溫禾善因吞入假陽具而鼓脹的臉,本就已經繃緊,撐的有些發白。隨著機械手重重的擊打在她的臉上,讓她覺得好像有五根冰冷的鐵棍砸在她的臉上,讓她腦子嗡的的一下。五道紅痕留在她白皙的左臉上,第一下的力度就已經超乎了溫禾善的想象,她悶哼一聲,頭也不由得偏向了一側。
“啪——啪——啪——”
機械臂按照一定的節奏,穩定的左右擊打在溫禾善那不比巴掌大多少的臉龐上,不兩下就涵蓋了所有的可擊打的地方。紅痕層層疊疊,漸漸腫脹起來。

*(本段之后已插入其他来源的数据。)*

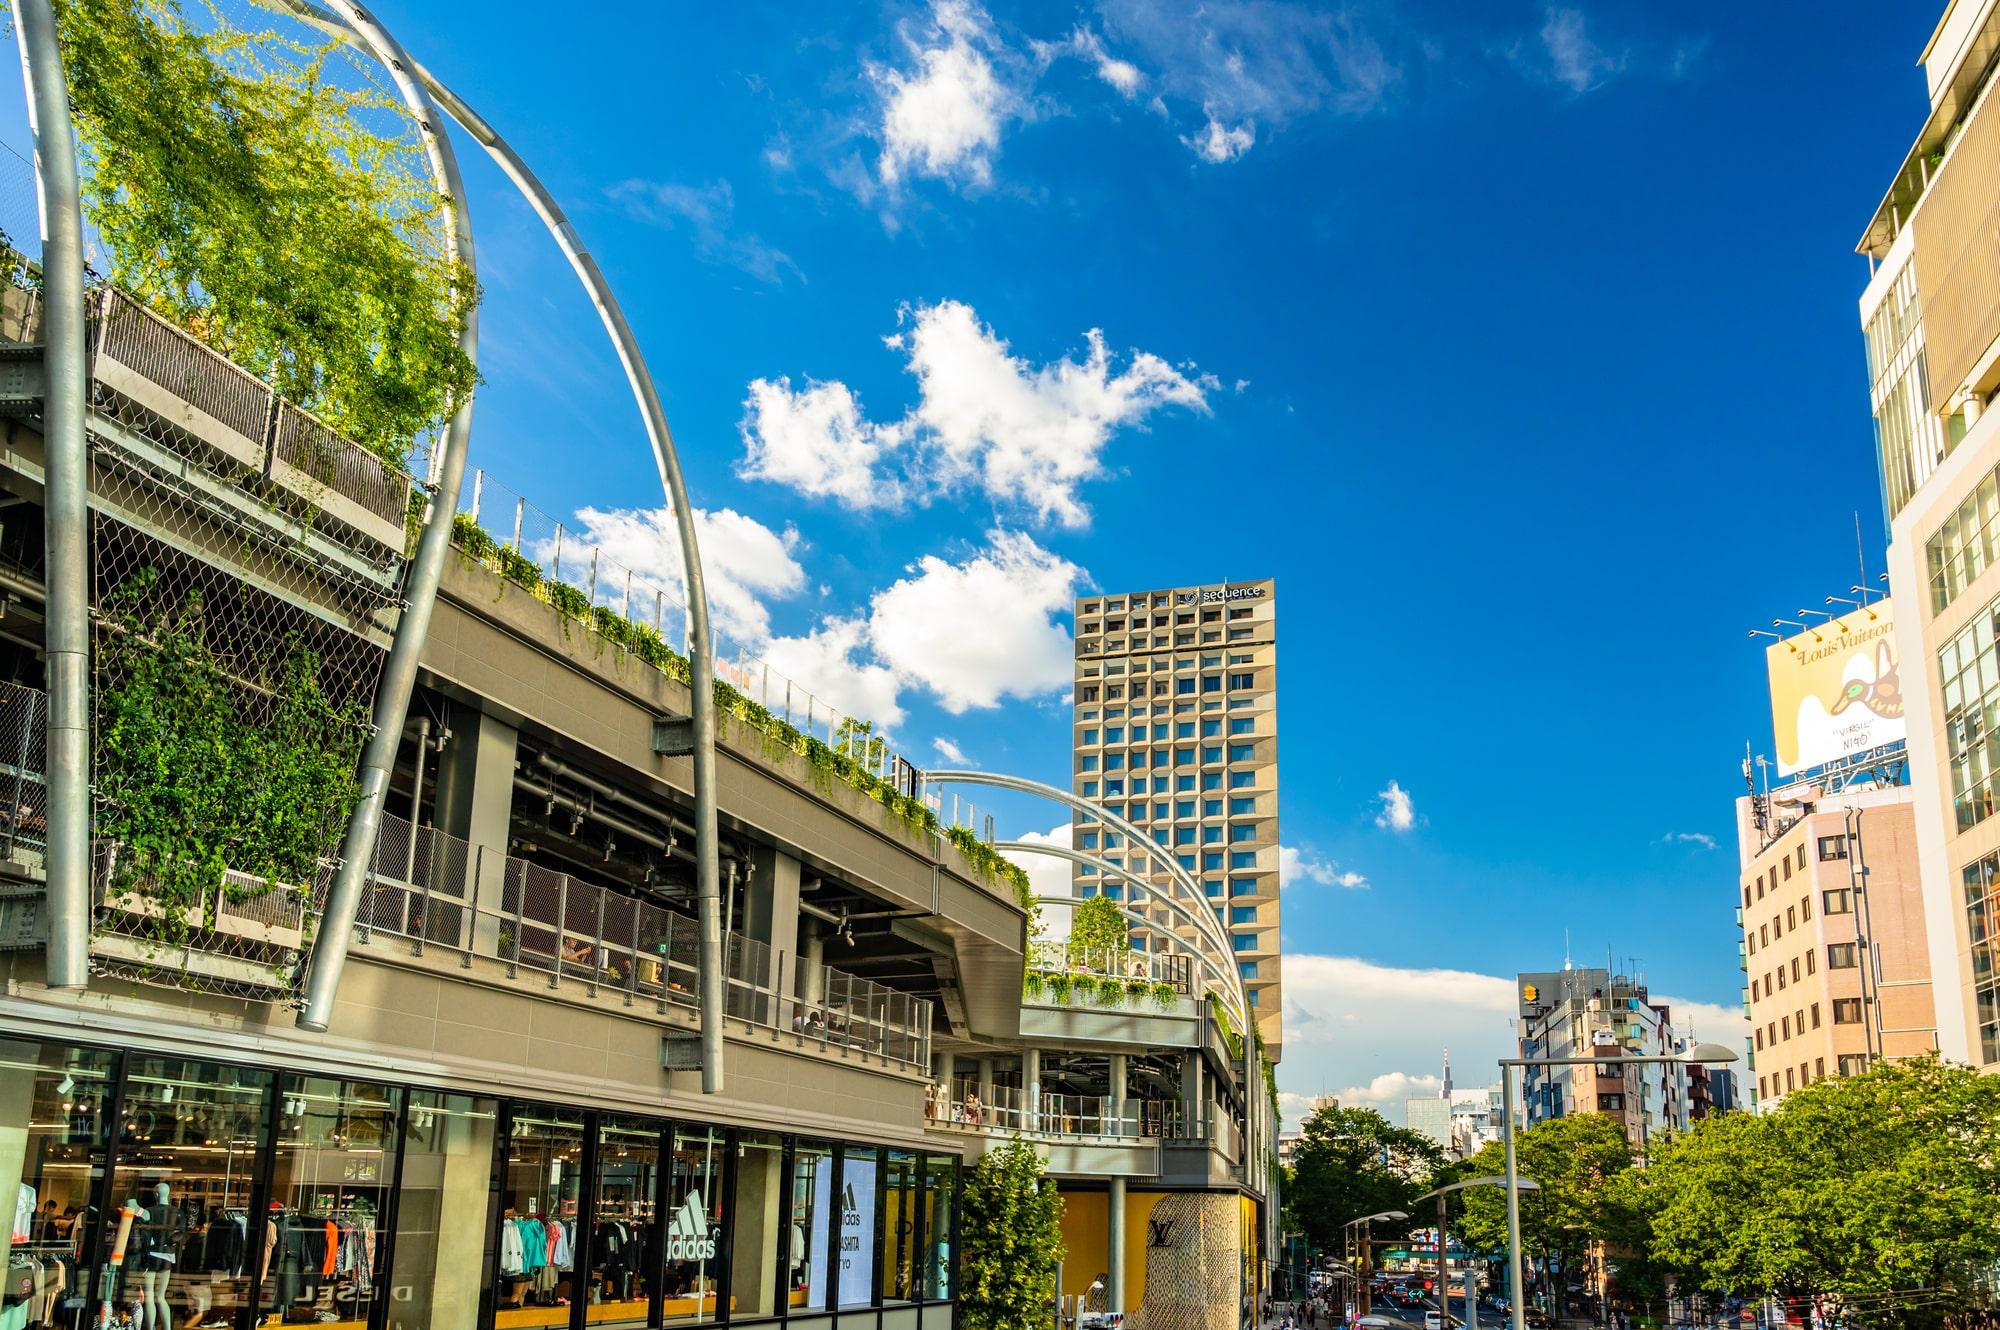 コスパも環境もgood!快適にテレワークできる渋谷のスペース5選|TIME SHARING|タイムシェアリング|スペースマネジメント|あどばる|adval|SHARING

不過才一半的數目,溫禾善的臉便已經腫起了一指高。溫禾善拼命地掙扎著,每被擊打一次,她的身體便繃緊挺起,在空中形成小小的一道拱橋。但還未緩過來,下一道擊打便緊隨其后,她的身體便愈發的高挺,直到脫力落下。悶悶的慘叫聲被堵在嘴中,卻依舊泄露出來。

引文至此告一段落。